Предыдущее жизнеописание я составил в Кельнской тюрьме в 542 году. Начальником там служил мой знакомец, обязанный мне некоторым содействием на его прежней службе; он обеспечил меня пергаментом, чернилами, отдельной камерой и регулярным питанием – о лучших условиях для изложения своей биографии я не мог тогда и мечтать.

Итак, результатом моего отшельничества на Собачьих островах стала найденная в цапле записка:

«Три раза найдется человек, который всем сердцем полюбит тебя, а затем предаст тебя и присвоит себе эту цаплю. Три раза ты вернешь ее себе, прежде чем снова станешь смертным».

Нет нужды описывать то изумление и потрясение, которое владело мной после этого невероятного открытия; я долго не мог привыкнуть к своему новому состоянию и отношению к жизни – ведь я больше не должен был искать себе целей и смыслов, придумывать, чем заполнить время; у меня была теперь вполне конкретная миссия – выполнить сказанное в моей искупительной записке. Уныние и безысходность покинули меня и уступили место ясному чувству, что теперь все в моих руках, что жизнь бесконечная – уже не мое проклятие. Было, однако, понятно, что жить я должен среди людей, что предаваться светлому отсутствию и слиянию с природой где-нибудь на греческих островах у меня уже не получится. Задача, стоящая перед мной, хотя и представлялась мне почти невыполнимой – ведь мало кто полюбит всем сердцем такого, как я, но при этом на ее решение мне отводилось сколько угодно времени. «В конце концов я обязательно справлюсь с этой задачей», – так думал я поначалу, но мой оптимизм заметно поубавился после ста с лишним лет приключений и поисков настоящей дружбы и любви.

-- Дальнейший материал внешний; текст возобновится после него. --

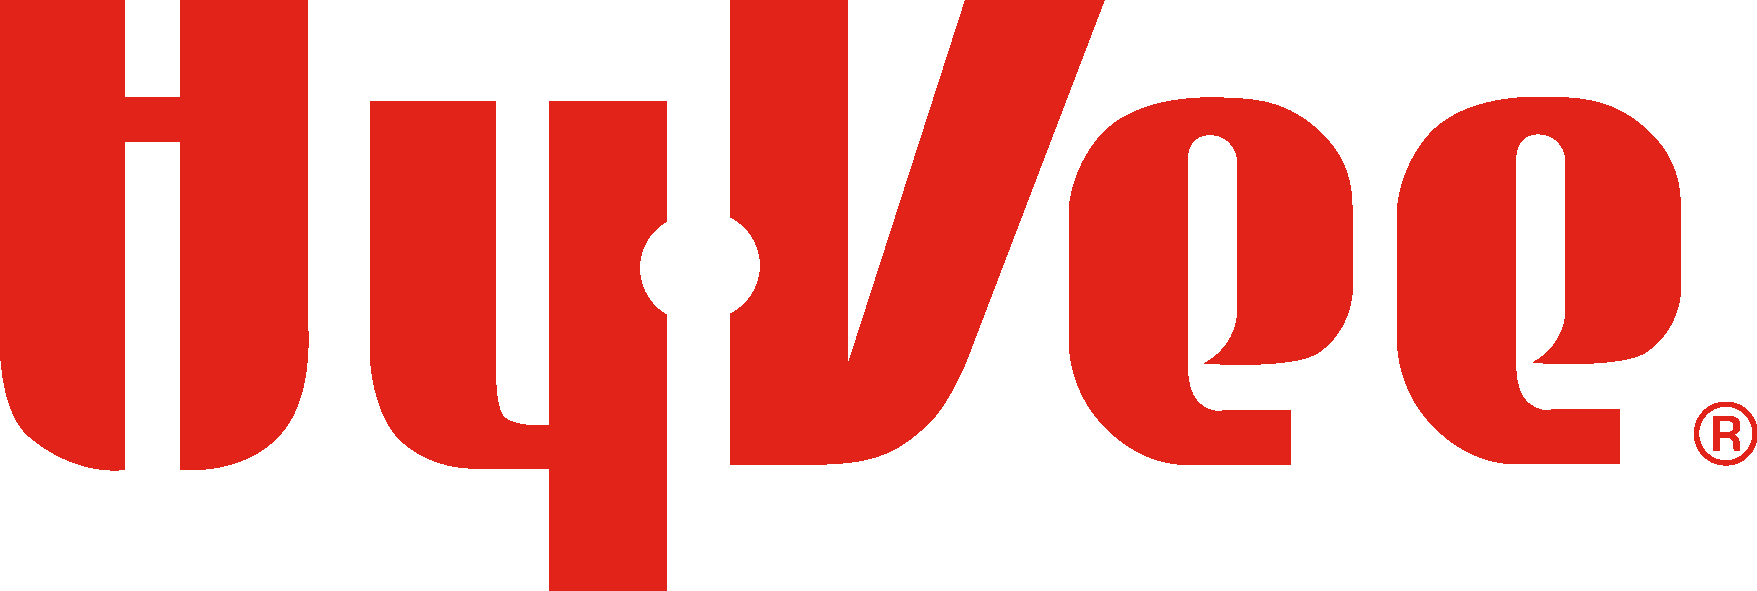 Hy vee Logo Download Vector

Я убедился в том, что человек не может любить того, кто страшно далек от него, а ведь я именно был страшно далек от рода человеческого. В самом деле, разве не чувство общности роднит людей? Когда двое лелеют в душе одни и те же порывы, тихо скрывают похожие недостатки, когда они оба в чем-то превосходят друг друга, а в чем-то уступают друг другу, и рады и научить и научиться, и поддержать и быть поддержанным, когда мужчина счастлив оберегать, а женщина счастлива заботиться – разве не это рождает настоящую любовь? Или, может быть, восхищение личностью рождает ее? Но как я, древнейшее ископаемое, живущее в своем собственном ископаемом мире, могу быть истинно близким чьему-то современному сердцу? Как могу я вызвать просветляющее восхищение, если все то, что мне действительно дорого, не может даже почувствоваться теперешними людьми? Примерно такие вопросы мучали меня большую часть шестого и седьмого веков, по мере того, как я терпел поражение за поражением в моих попытках сблизиться с людьми и вызвать в них истинное чувство.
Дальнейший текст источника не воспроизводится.